她的亲哥哥谢玄,是史上着名的淝水之战中的主帅,把骄狂不可一世的大秦天王苻坚的百万人马打得落花流水,满地找牙。
她的公公王羲之,超级书法家,也是格调大师,早早归隐了:他常常搞怪,袒腹东床,用字换鹅,又玩曲水流觞(文艺啊文艺…奢侈),他的《兰亭集序》、《丧乱帖》,有人说是五百年才出一个,不对,要我说,我想是一万年。
她的小叔王徽之,就是那位雪夜访友,到了人家家门口却溜了的妄人,“乘兴而行,兴尽而返”。然而,这样的人脱略形迹,讨人喜欢。
另一个小叔是王献之,风流为一时之冠,也是个超级书法家。最大的缺点是太尽心朝政,太殚精竭虑,太不注意身体了。
她的丈夫是王凝之,家学渊源,甚工草隶,又先后出任江州刺史、左将军、会稽内史,行止端方。虽然名气一般,但也决非庸才……她的婚姻自然是才子配佳人+政治联姻。当时王谢都是大世族,这样的婚姻,实在没办法归到纯纯爱情里头。

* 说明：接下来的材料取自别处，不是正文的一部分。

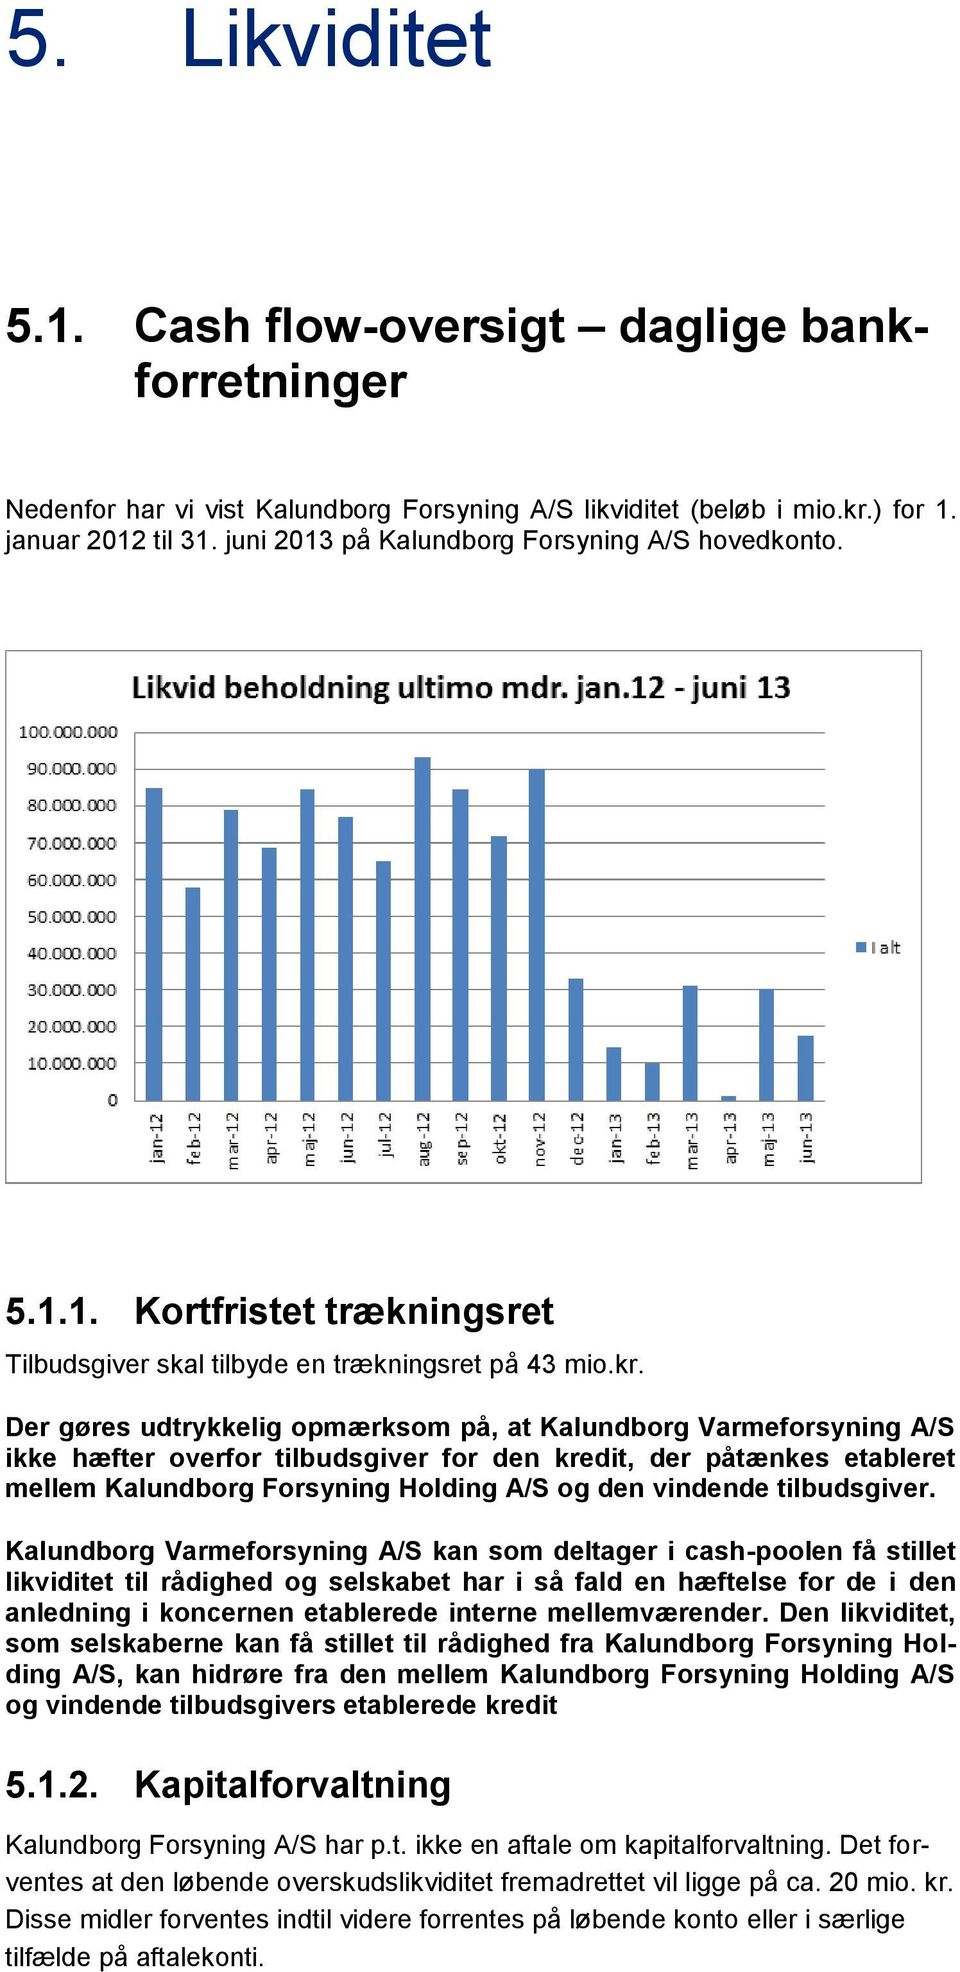 Der gøres udtrykkelig opmærksom på, at Kalundborg Varmeforsyning A/S ikke hæfter overfor tilbudsgiver for den kredit, der påtænkes etableret mellem Kalundborg Forsyning Holding A/S og den vindende

况且,道韫对她这个丈夫也不是很满意的。
其实,这个奇女子的传奇,并不是建立在这个显赫的家族之上的,她是这个有着显赫和清高出尘的家族的一缕春雪。她嫁给了王家的王凝之。一次,小叔子王献之舌战群儒,终于力不能敌。谢道温端坐在青绫幕幛之后,引经据典围绕王献之的主题进一步发挥,立意高远,从容不迫,理直气壮,客人词穷而甘拜下风。大有泰山崩于前而色不变的气慨。你想想,这是怎样的气势啊,不仅仅是大家闺秀,那是运筹帷幄的自信,是临江啸然的大气。所以说,她是谢家唯一得谢安真传的人,由此可见一斑。后来,贼兵孙恩造反,杀到门前,王凝之还在求神拜佛,谢道韫早已训练婢仆们执刀仗剑,组成一支小小的突击队伍,乘乱突围出城。她横刀在手,乘肩舆而出,冲到大街上,虽勇而力不能敌,终于成为贼兵的俘虏。孙恩要杀掉谢道韫的小外孙,谢道韫厉声喝住了。孙恩早慕她之名,见她义正词严,不免大为心折,于是改容相待,不但不杀她的小外孙,而且命属下善为保护,送她安返故居。从此谢道韫寡居会稽。虽然谢也是节妇,到底见识不同,当时的会稽太守刘柳专程到她家求见,谢道韫久闻刘柳的才气,粉黛不施,素衣素袍,坦然出来和刘柳相见。两人惺惺相惜,果然相互敬服。这样的女子,任何人都会为之折服。不是姑射山上的仙女,却更显冰清玉洁;不是巫峡上的神女,却更加袅娜多姿。她不是梁红玉,却更有击鼓之势;她不是花木兰,却更有替夫杀敌之勇。一个弱女子,手刃数人,换成现在,我们也不见得做的到,可她做到了。还有那林下之风,那份潇洒恣意,那分灵气,无不叙述着这个才女的不凡。当然,事实上她的命运还是相对坎坷的,算得上才高命薄。
我的语言显得过于苍白,这样的奇女子,只能留给后人感慨了。